Why it is important to do this review

So far, there are no national or international guidelines on the safe and effective use of drugs for the prevention of LCOS in children undergoing congenital heart surgery. We have previously reviewed the use of milrinone and levosimendan for prevention of LCOS in this population, but did not find enough evidence for each drug separately among existing clinical trials (Burkhardt 2015; Hummel 2017). This is due to a small number of available studies and small numbers of paediatric patients, even in multicentre trials. New studies have been conducted or reported in the meantime, sometimes using both of these drugs in separate treatment arms. To synthesise all existing evidence on these two drugs and the potential of inotropic medications in general, a network meta‐analysis seems appropriate. This review is an essential step to provide further information on how to prevent LCOS and mortality in paediatric patients undergoing surgery for congenital heart disease.

Objectives

  1. To compare in a network meta‐analysis the efficacy and safety of different prophylactic medications either against no treatment, or placebo, or against each other (as mono‐ or combination prophylaxis) for the prevention of low cardiac output syndrome and mortality for paediatric patients undergoing surgery for congenital heart disease.

  2. To generate a clinically useful ranking of prophylactic medications (mono‐ and combination prophylaxis) according to efficacy and safety.

Methods

Criteria for considering studies for this review

Types of studies

We will include parallel‐arm randomised controlled trials (RCTs). We will not include cluster‐randomised trials, because studies in this area focus on the individual patient level; nor trials with cross‐over design, which would not be suitable for the prophylactic approach. We will include studies reported as full text, and those published as abstract only, asking the authors for further information in the latter case.

Types of participants

We will include paediatric patients from birth to 18 years of age who have undergone corrective or palliative heart surgery for congenital heart disease.
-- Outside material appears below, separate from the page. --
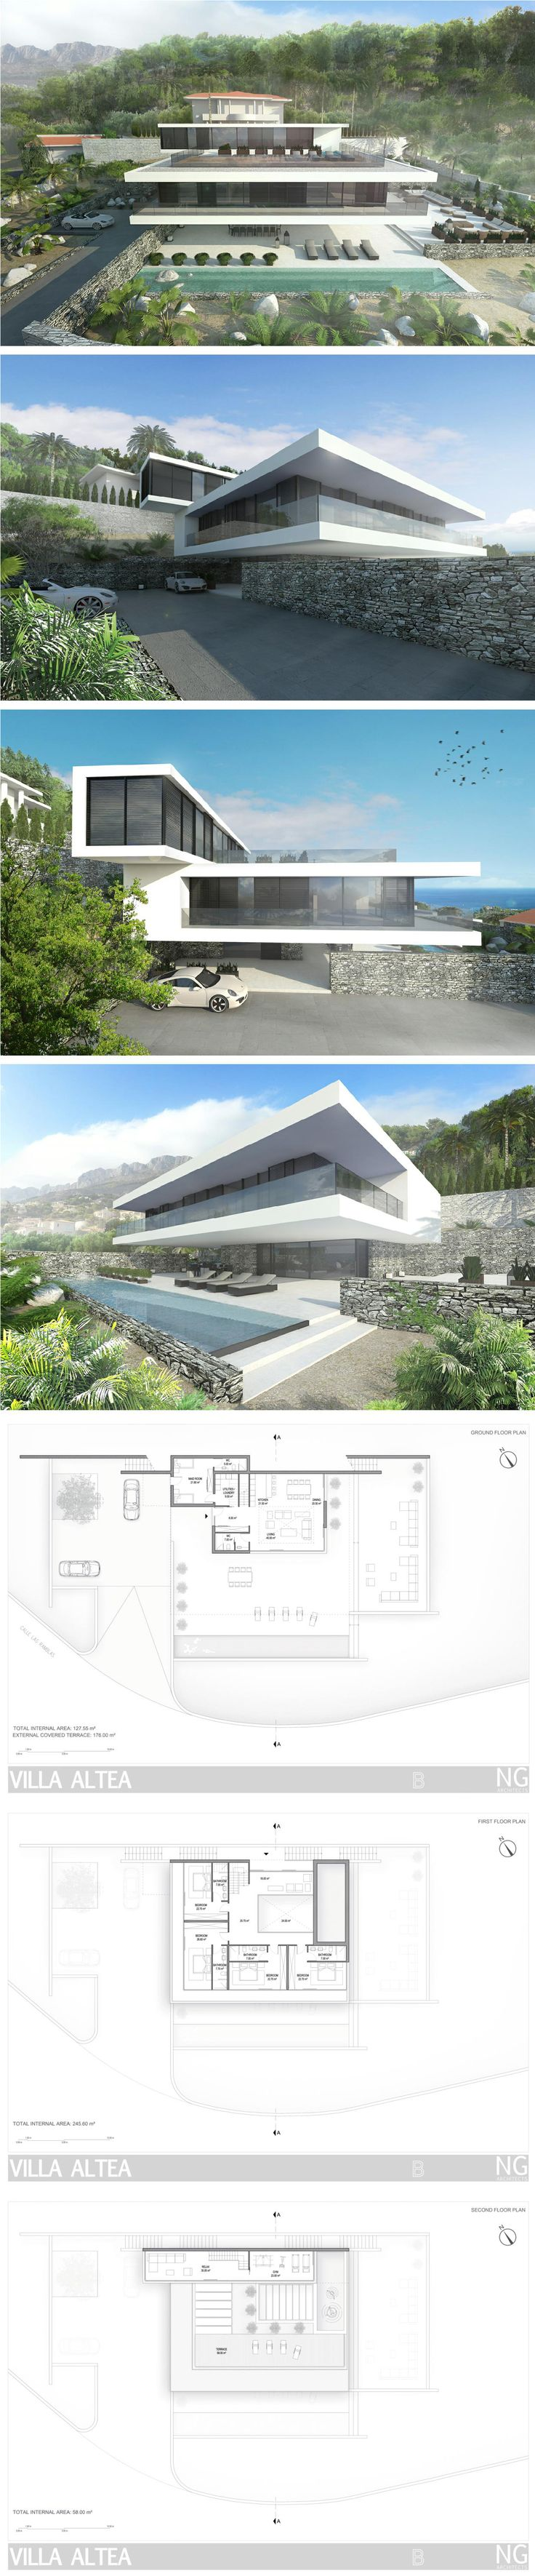 best Idea images on Pinterest Landscaping Architecture

We will first use pooled data for analysis and, in a second step, stratify the study population according to age and to circulatory physiology. This benefits the transitivity needed for network meta‐analysis, where all interventions are considered legitimate alternatives and therefore jointly randomisable.

There are no specific exclusion criteria for participants. If a study includes both eligible and ineligible participants, we will contact the study authors and ask them to provide data for the eligible patients only. If data for the eligible patient subset are not available, we will include a trial if at least 75% of patients fulfil our inclusion criteria and assess this inclusion with a sensitivity analysis.

Types of interventions

We will include studies that compare any pharmacological intervention(s) belonging to one of the following drug classes versus each other or versus no pharmacological intervention or placebo.

  1. Catecholamines

  2. Phosphodiesterase type III inhibitors

  3. Calcium sensitisers

If combinations of drugs from classes 2 and 3 are used prophylactically, each combination will represent a separate intervention of interest. We will examine the geometry of the network meta‐analysis (NMA) for all interventions (mono‐ and combination prophylaxis) versus mono‐prophylaxis alone. In a case when we cannot analyse all combinations, we will split the network and examine the single networks separately. Combination treatments can be split into their components, and the effects of the components can be analysed separately, under certain assumptions even for disconnected networks (Rücker 2019). A preview of nodes is displayed in Figure 1. We are not planning to consider unspecified interventions for post hoc inclusion in the network within the context of jointly randomisable interventions. We expect co‐interventions, as explained above (How the intervention might work), but unless otherwise reported we will assume that all other measures besides inotropic medications are exhausted for patients in all study arms of the included trials.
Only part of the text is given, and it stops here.